Kenya is seeking a trade deal to allow its key agricultural products into China without heavy tariffs.
KENYA – Kenya is pushing for duty-free access to China for its tea, coffee, and macadamia nuts.
President William Ruto made the case during his recent state visit to China, saying the current tariffs are hurting Kenya’s export potential.
Speaking at a diaspora Town Hall meeting in Beijing, Ruto said, “Chinese companies admit that Kenyan tea and coffee are premium, but today, they are subject to tariffs, and that is what impedes their export.”
He added that Kenya hopes to negotiate a deal similar to the African Growth and Opportunity Act (AGOA) that allows duty-free and quota-free access to the United States market.
“That way we can export more to China and export better products,” Ruto said.
Kenya’s push for better trade terms comes at a time when its agricultural exports to China are showing strong growth. Avocado exports, for example, have risen sharply.

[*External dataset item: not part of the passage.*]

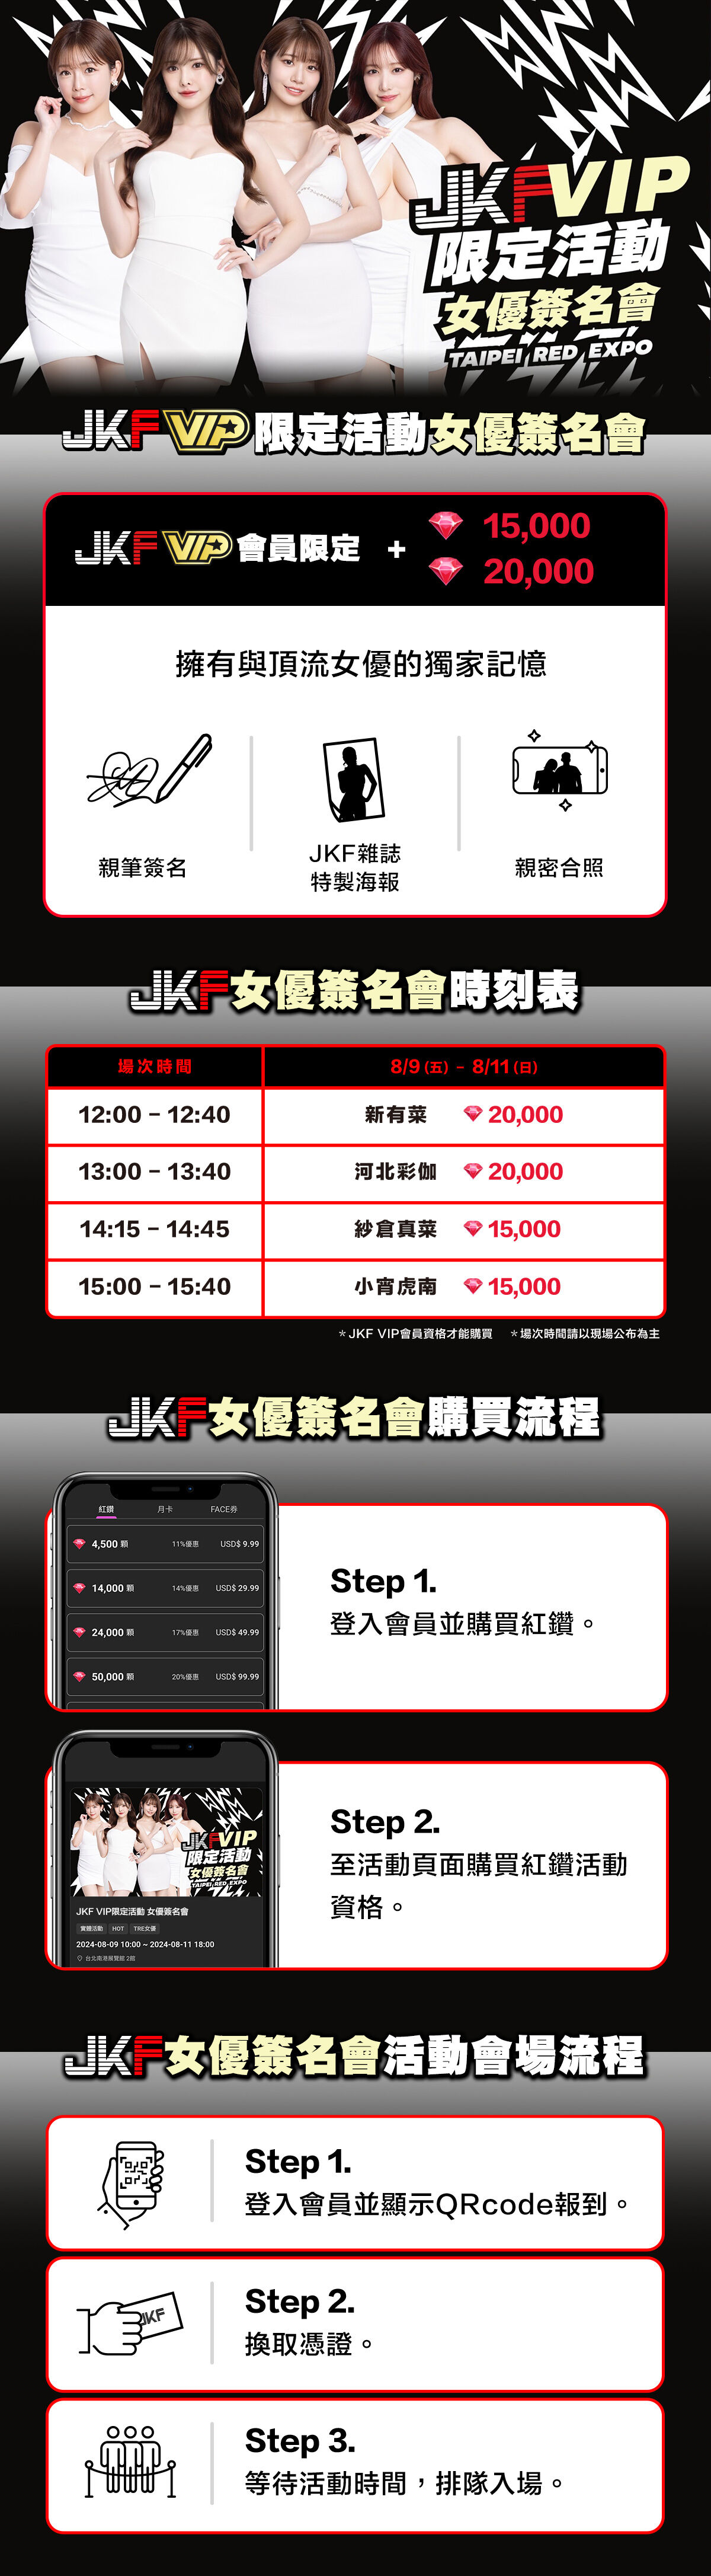 JKF VIP限定活動 女優簽名會 的詳細資訊圖片

In 2023, Kenya exported 4,324.1 tonnes of avocado to China, compared to just 443.6 tonnes in 2022, according to Chinese customs data. This increase followed the start of avocado exports to China in August 2022 after long negotiations.
Macadamia nuts are also becoming a key product for China. Kenya is now the third-largest producer of macadamia globally, behind South Africa and Australia.
Chinese buyers have shown strong demand for raw, in-shell Kenyan macadamia, signaling an opportunity for Kenyan farmers if trade barriers are lowered.
Broader talks with China
President Ruto also discussed other important matters with Chinese President Xi Jinping. These included China’s continued investment in Kenya’s infrastructure, partnerships with the Global South, and peace and security issues in the region.
China has helped finance and build several major projects in Kenya, such as the Standard Gauge Railway, the Nairobi Expressway, Lamu Port, and the Kipevu Oil Terminal.
During the visit, Kenya signed a multi-billion-shilling agreement with China, though full details have not been disclosed yet. The agreement is expected to strengthen trade and cooperation between the two countries.
Kenya adjusts rules for nuts and oil crops imports
Back home, another major development is expected to support Kenya’s nuts and oil crops sector. From April 17, 2025, businesses operating in Export Processing Zones (EPZ) and Special Economic Zones (SEZ) no longer pay import levies on nuts and oil crops brought in from East African Community (EAC) member states.
The Agriculture and Food Authority (AFA) confirmed the changes, stating that the updated rules can be found on the KenTrade Trade Facilitation Platform. “This move will reduce production costs and make fresh produce processing more competitive in both local and international markets,” said the Director General of AFA.
In 2021, Kenya spent KES 115 billion (USD 885.27 million) on edible oil imports alone. Officials believe that removing the levies will help businesses lower their costs and encourage more trade within the region.